On 8xx you probably happen to have a page size that yields "pdshift <= shift"
even with the incorrect pdshift calculation, causing hugepte_cache to be
allocated. The smallest hugepage size on 8xx is 512k compared to 4M on fsl-
book3e.
-Scott
Le 07/12/2016 à 02:06, Scott Wood a écrit :
> On Tue, 2016-12-06 at 07:34 +0100, Christophe LEROY wrote:
>>
>> Le 06/12/2016 à 02:18, Scott Wood a écrit :
>>>
>>> On Wed, 2016-09-21 at 10:11 +0200, Christophe Leroy wrote:
>>>>
>>>> Today there are two implementations of hugetlbpages which are managed
>>>> by exclusive #ifdefs:
>>>> * FSL_BOOKE: several directory entries points to the same single
>>>> hugepage
>>>> * BOOK3S: one upper level directory entry points to a table of hugepages
>>>>
>>>> In preparation of implementation of hugepage support on the 8xx, we
>>>> need a mix of the two above solutions, because the 8xx needs both cases
>>>> depending on the size of pages:
>>>> * In 4k page size mode, each PGD entry covers a 4M bytes area. It means
>>>> that 2 PGD entries will be necessary to cover an 8M hugepage while a
>>>> single PGD entry will cover 8x 512k hugepages.
>>>> * In 16 page size mode, each PGD entry covers a 64M bytes area. It means
>>>> that 8x 8M hugepages will be covered by one PGD entry and 64x 512k
>>>> hugepages will be covers by one PGD entry.
>>>>
>>>> This patch:
>>>> * removes #ifdefs in favor of if/else based on the range sizes
>>>> * merges the two huge_pte_alloc() functions as they are pretty similar
>>>> * merges the two hugetlbpage_init() functions as they are pretty similar
>>> [snip]
>>>>
>>>> @@ -860,16 +803,34 @@ static int __init hugetlbpage_init(void)

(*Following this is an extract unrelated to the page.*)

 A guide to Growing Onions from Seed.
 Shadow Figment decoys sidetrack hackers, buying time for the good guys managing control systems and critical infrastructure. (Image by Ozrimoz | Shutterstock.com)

>>>> * if we have pdshift and shift value same, we don't
>>>> * use pgt cache for hugepd.
>>>> */
>>>> - if (pdshift != shift) {
>>>> + if (pdshift > shift) {
>>>> pgtable_cache_add(pdshift - shift, NULL);
>>>> if (!PGT_CACHE(pdshift - shift))
>>>> panic("hugetlbpage_init(): could not
>>>> create
>>>> "
>>>> "pgtable cache for %d bit
>>>> pagesize\n", shift);
>>>> }
>>>> +#ifdef CONFIG_PPC_FSL_BOOK3E
>>>> + else if (!hugepte_cache) {
>>> This else never triggers on book3e, because the way this function
>>> calculates
>>> pdshift is wrong for book3e (it uses PyD_SHIFT instead of
>>> HUGEPD_PxD_SHIFT).
>>> We later get OOMs because huge_pte_alloc() calculates pdshift correctly,
>>> tries to use hugepte_cache, and fails.
>> Ok, I'll check it again, I was expecting it to still work properly on
>> book3e, because after applying patch 3 it works properly on the 8xx.
>
> On 8xx you probably happen to have a page size that yields "pdshift <= shift"
> even with the incorrect pdshift calculation, causing hugepte_cache to be
> allocated. The smallest hugepage size on 8xx is 512k compared to 4M on fsl-
> book3e.
>
Indeed it works because on 8xx, PUD_SHIFT == PMD_SHIFT == PGDIR_SHIFT
Christophe